Выбрать главу

Подобный случай описывает А. С. Гангеблов: «Даже и священника не щадили, <…> он диктует, мы пишем, повторяя вполголоса последнее его слово, как бы давая знать, что оно уже написано. Например, он произносит: „Во спасение души“, — „…души, батюшка, души“, — повторяют пишущие, возвышая голос. Или: „беседование с Богом“. — „С Богом, батюшка, с Богом“, — как бы напутствуя священника, чтобы он шёл домой».

Книги, шалости и рифмы

В письмах к матери, что относятся к первым годам в Пажеском корпусе, Боратынский не рассказывает ни о превратностях обучения, ни о проделках сотоварищей. Вероятно, как примерный и послушный сын, он не желает понапрасну тревожить маменьку, которой и так хватает забот с малыми детьми. Лишь в одном из писем тринадцатилетний подросток не без иронии замечает, говоря о выпускниках 1813 года, что «ещё не выучившие четырёх правил арифметических действий могут стать офицерами, лишь бы им исполнилось 17 лет» (перевод с французского). Про остальное молчит: то ли оно мало его интересует, то ли считает ерундой, не достойной внимания.

Похоже, куда как больше его занимает чтение новых книг, которые будят ум, фантазию, воображение. В бывшем Мальтийском дворце роскоши с избытком, но нет библиотеки, книгочеям приходится сидеть на голодном пайке. И Евгений просит у маменьки книг: «<…> пришлите мне историю России, которую вы мне подарили, маленького Грандиссона, Сендфорда и Мертона и идиллии <…>» (здесь и далее — перевод с французского); «Вы хотите, любезная маменька, прислать мне „Юных изгнанников“, но это лишнее, ибо я уже читал их три, а может быть, даже четыре раза» (август 1814 года).

Кстати, в этом последнем письме он по-книжному высокопарно, но, видимо, вполне искренне отдаёт дань воображению и надежде как лучшим дарам, «коими нас наградил Всевышний»: «Воображение поддерживает нас в несчастьях, в разлуке; надежда вскоре увидеть предмет наших желаний сокращает время, которое мы проводим вдали от него». Всё это он относит к маменьке. «Желал бы я, чтоб какой-нибудь добрый волшебник заколдовал меня, и мне вечно бы казалось, будто я нахожусь подле вас».

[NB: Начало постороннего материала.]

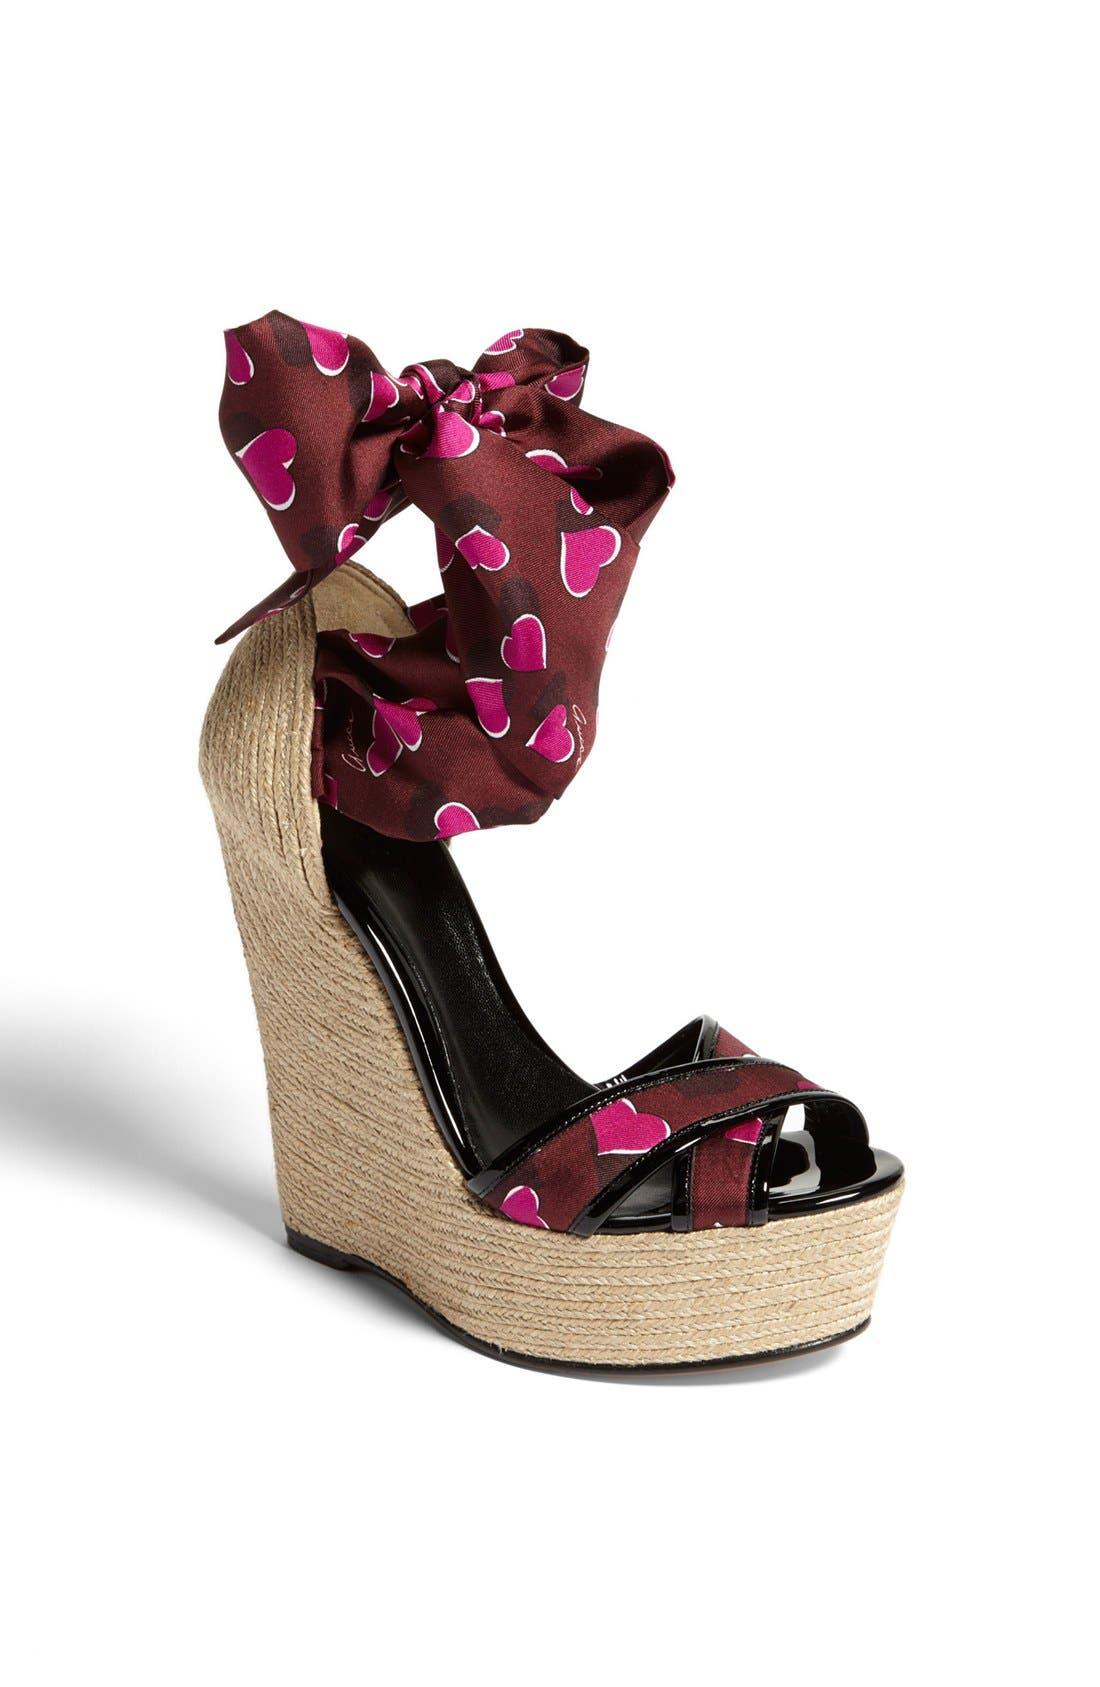 Main Image - Gucci 'Carolina' Print Espadrille Wedge Sandal
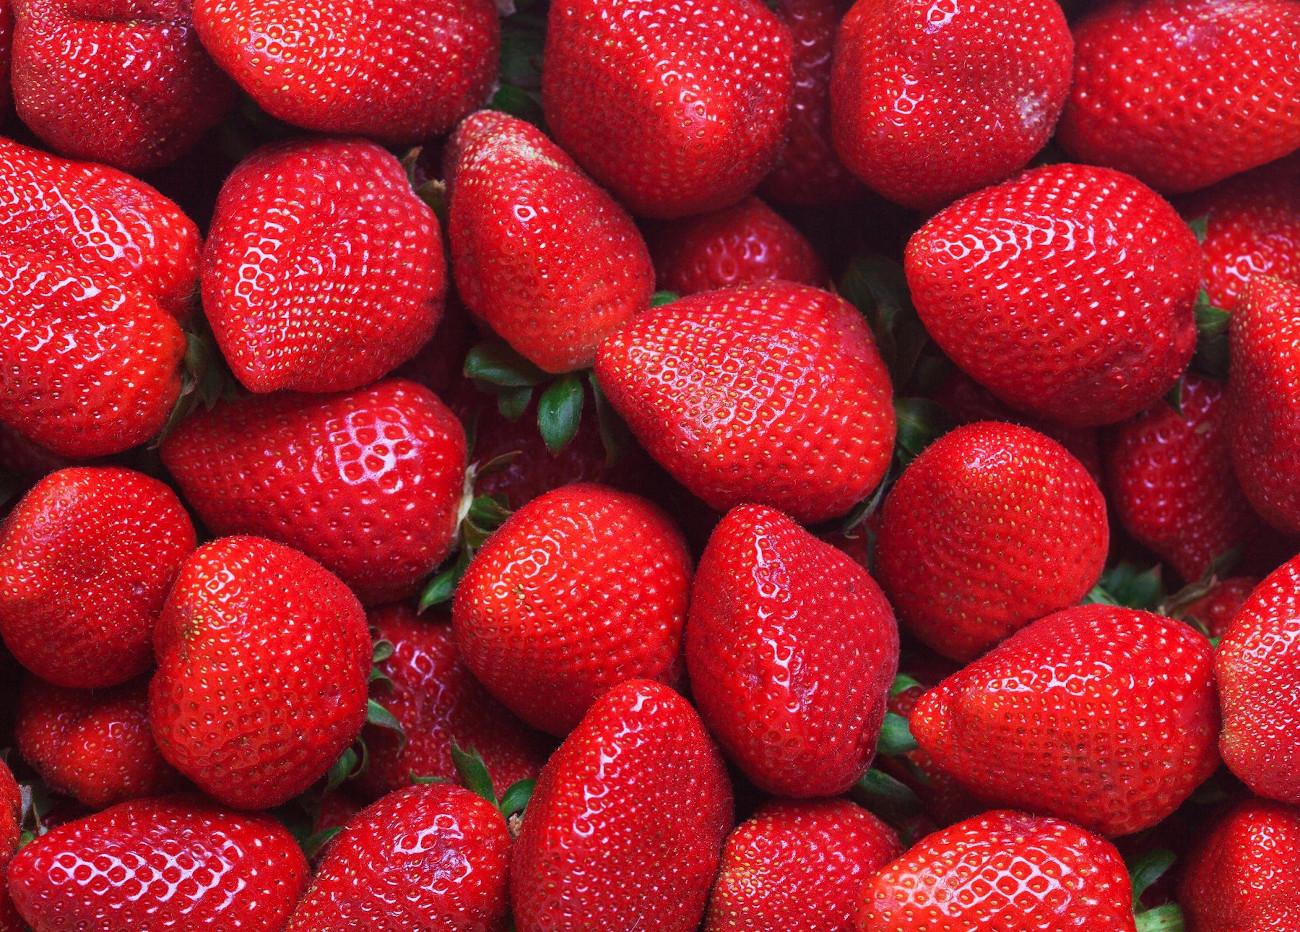 International Strawberry Symposium, postponed until 2021

…Лишь десять лет спустя, в письме Василию Андреевичу Жуковскому, Боратынский впервые поведал о том, как тягостно было ему, привыкшему к родному дому, к любви и пониманию, входить в чужую — холодную и равнодушную — среду Пажеского корпуса. Впрочем, то письмо, декабря 1823 года, он сам называл исповедью:

«<…> В судьбе моей всегда было что-то особенно несчастное. И это служит главным и общим моим оправданием: всё содействовало к уничтожению хороших моих свойств и к развитию злоупотребительных. Любопытно сцепление происшествий и впечатлений, сделавших меня, право, из очень доброго мальчика почти совершенным негодяем. — 12 лет вступил я в Пажеский корпус, живо помня последние слёзы моей матери и последние её наставления, твёрдо намеренный свято исполнять их, и, как говорится в детском училище, служить примером прилежания и доброго поведения. — Начальником моего отделения был тогда некто Кр<истафо>вич (он теперь уже покойник, чем на беду мою ещё не был в то время), человек во всём ограниченный, кроме страсти своей к вину. Он не полюбил меня с первого взгляда и с первого дня вступления моего в корпус уже обращался со мною как с записным шалуном. Ласковый с другими детьми, он был особенно груб со мною. Несправедливость его меня ожесточила: дети самолюбивы не менее взрослых, обиженное самолюбие требует мщения, и я решился отмстить ему. Большими каллиграфическими буквами (у нас был порядочный учитель каллиграфии) написал я на лоскутке бумаги слово пьяница и прилепил его к широкой спине моего неприятеля. К несчастию, некоторые из моих товарищей видели мою шалость и, как по-нашему говорится, на меня доказали. Я просидел три дня под арестом, сердясь на самого себя и проклиная Кр<истафо>вича. — Первая моя шалость не сделала меня шалуном в самом деле, но я был уже негодяем в мнении моих начальников. Я получал от них беспрестанные и часто несправедливые оскорбления; вместо того чтобы дать мне все способы снова приобрести их доброе расположение, они непреклонною своею суровостию отняли у меня надежду и желание когда-нибудь их умилостивить <…>».